In order to improve computation efficiency, we integrate the condition
${x}_{i}$ into
${\mu}_{i}$ and
${\Sigma}_{i}^{-1}$, *i.e.*

${y}_{i}\mathrm{|}{x}_{i}\sim N\left(y\mathrm{|}{\mu}_{{\theta}_{1}}\left({x}_{i}\right)\mathrm{,}{\Sigma}_{{\theta}_{2}}^{-1}\left({x}_{i}\right)\right)\mathrm{.}$ (4)

Then the cross-entropy becomes:

$loss=-\frac{1}{N}{\displaystyle \underset{\left({x}_{i}\mathrm{,}{y}_{i}\right)\sim D}{\sum}}\mathrm{ln}P\left({\stackrel{^}{y}}_{i}\mathrm{|}\mu \left({x}_{i}\right)\mathrm{,}{\Sigma}^{-1}\left({x}_{i}\right)\right)\mathrm{.}$ (5)

Substitute (1) into (5), we have

$loss=\frac{1}{N}{\displaystyle \underset{\left({x}_{i}\mathrm{,}{y}_{i}\right)\sim D}{\sum}}\left(-\frac{1}{2}\mathrm{ln}\left|{\Sigma}_{i}^{-1}\right|+\frac{1}{2}{\left({y}_{i}-{\mu}_{i}\right)}^{\text{T}}{\Sigma}_{i}^{-1}\left({y}_{i}-{\mu}_{i}\right)\right)\mathrm{,}$ (6)

Furthermore, if we set ${\Sigma}_{i}$ to identity matrix, then this loss function degenerates to mean square error.

B. Positive Definiteness of ${\Sigma}^{-1}$

Since the covariance matrix ${\Sigma}^{-1}\left(x\right)$ should be kept symmetric and positive definite throughout the course of training, otherwise the $\mathrm{ln}\left|{\Sigma}^{-1}\right|$ will be undefined, we need to find a proper parameterization that complies with the constraint and is easy to optimize. Observing that the symmetry and positive definition can be satisfied simultaneously, we propose the following two-step parameterization.

Suppose
$a\left(x\right)$ is an *m*^{2}-dimensional output generated by a neural network, *m* is the dimension of
${y}_{i}$. We reshape
$a\left(x\right)$ into *A* such that
$A\in {\mathcal{R}}^{m\times m}$. Firstly, a symmetric matrix is obtained by:

$M\leftarrow {A}^{\text{T}}+A\mathrm{.}$ (7)

Then a positive definite matrix is obtained by:

$S\leftarrow \frac{1}{m}M+I\mathrm{.}$ (8)
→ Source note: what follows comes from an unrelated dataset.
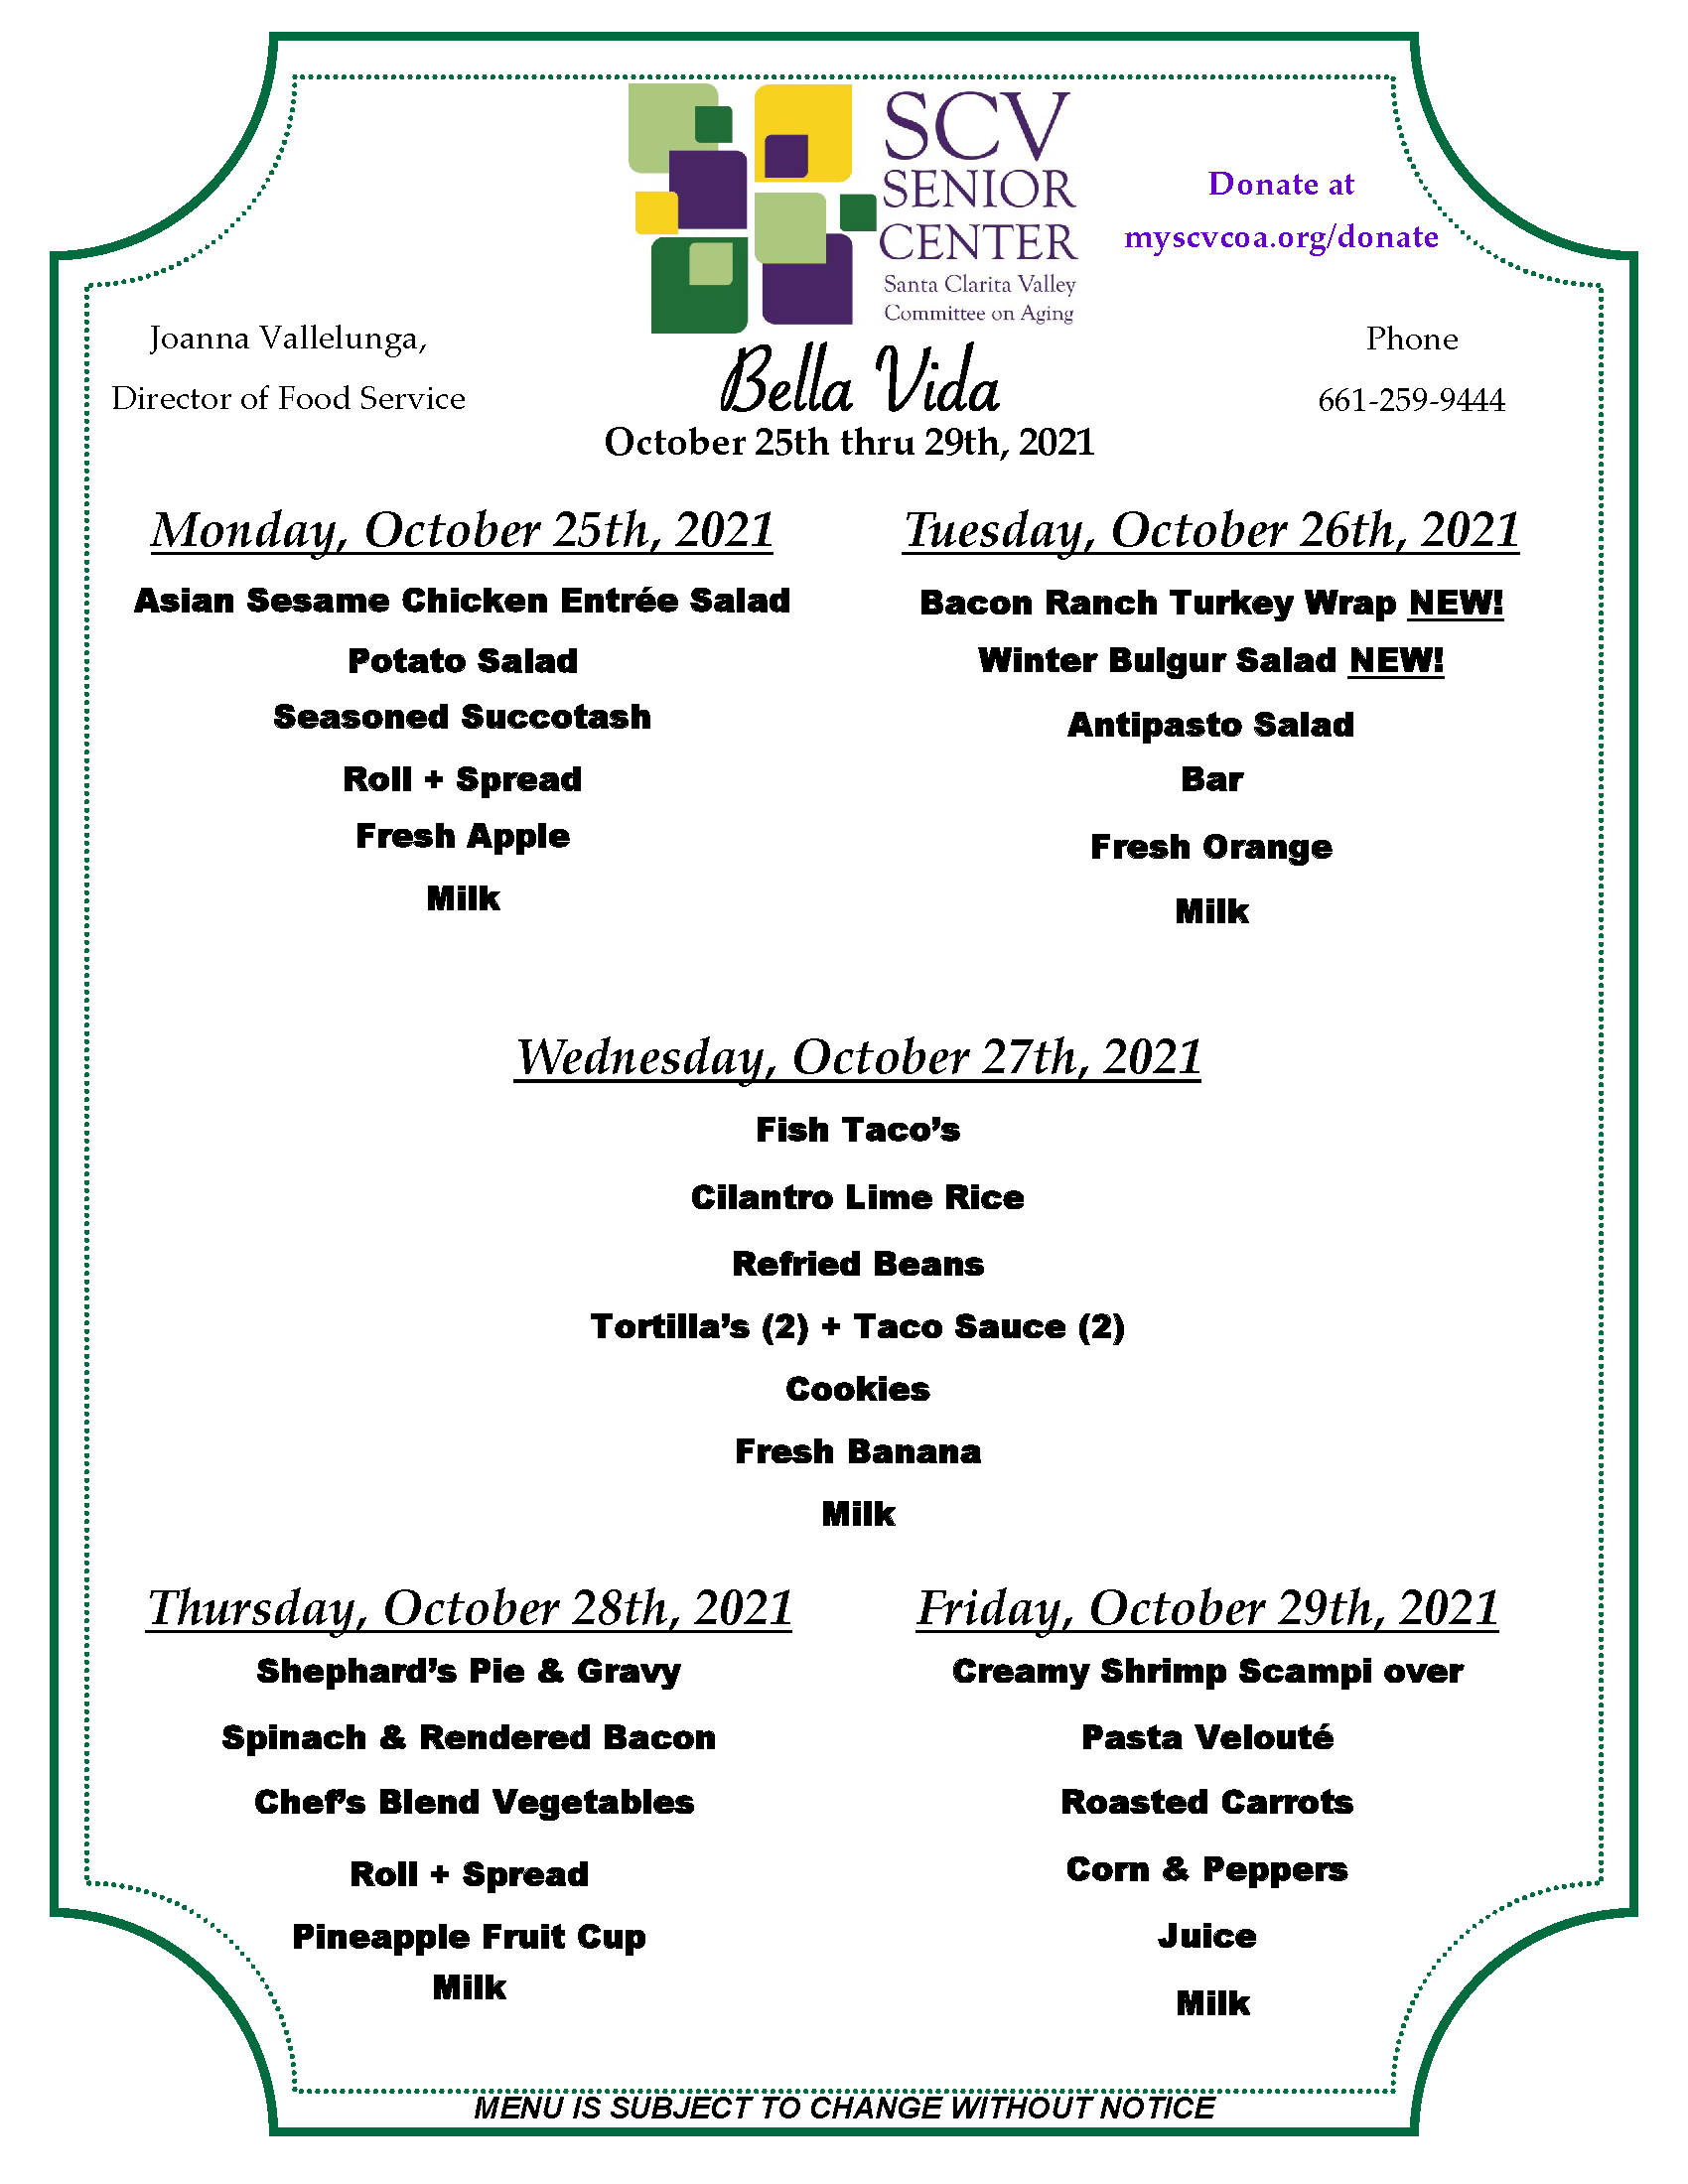 October 25th thru 29th menu

Since a positive definite matrix is invertible, then we can obtain ${\Sigma}^{-1}$ by:

${\Sigma}^{-1}\leftarrow S\mathrm{.}$ (9)

We can further obtain $\Sigma $ simply by calculating the inverse of ${\Sigma}^{-1}$ for more flexibility at inference time, but it is not necessary for training. Such arrangement enables computation efficiency without hurting flexibility of the model.

4. Experiments

A. Dataset

The dataset we concern is AADB [10], since it provides eleven meaningful aesthetic attributes in addition to the overall aesthetic score (MOS) which is collected from professional photographers.

B. Implementation details

Our method is trained jointly in an end-to-end manner on MOS and all eleven aesthetic attributes under Alexnet and ResNet-50 following the train-val-test split in [10]. We use AdamW [32] with warmup under the following parameters: ${\beta}_{1}=0.9$, ${\beta}_{2}=0.99$, learning rate of 7e−4, weight decay of 1e−2 and epoch of 10. These parameters are picked as default except for the learning rate, which is picked by the range test [33].

C. Performance evaluation

We compare our method with all existing AAA methods [10] [11]. As is shown in Table 1, our method outperforms previous method on most attributes even with weak backbone like AlexNet. The metric we use to evaluate the performance of different methods is spearman rank order coefficient. Some data examples are shown in Figure 3.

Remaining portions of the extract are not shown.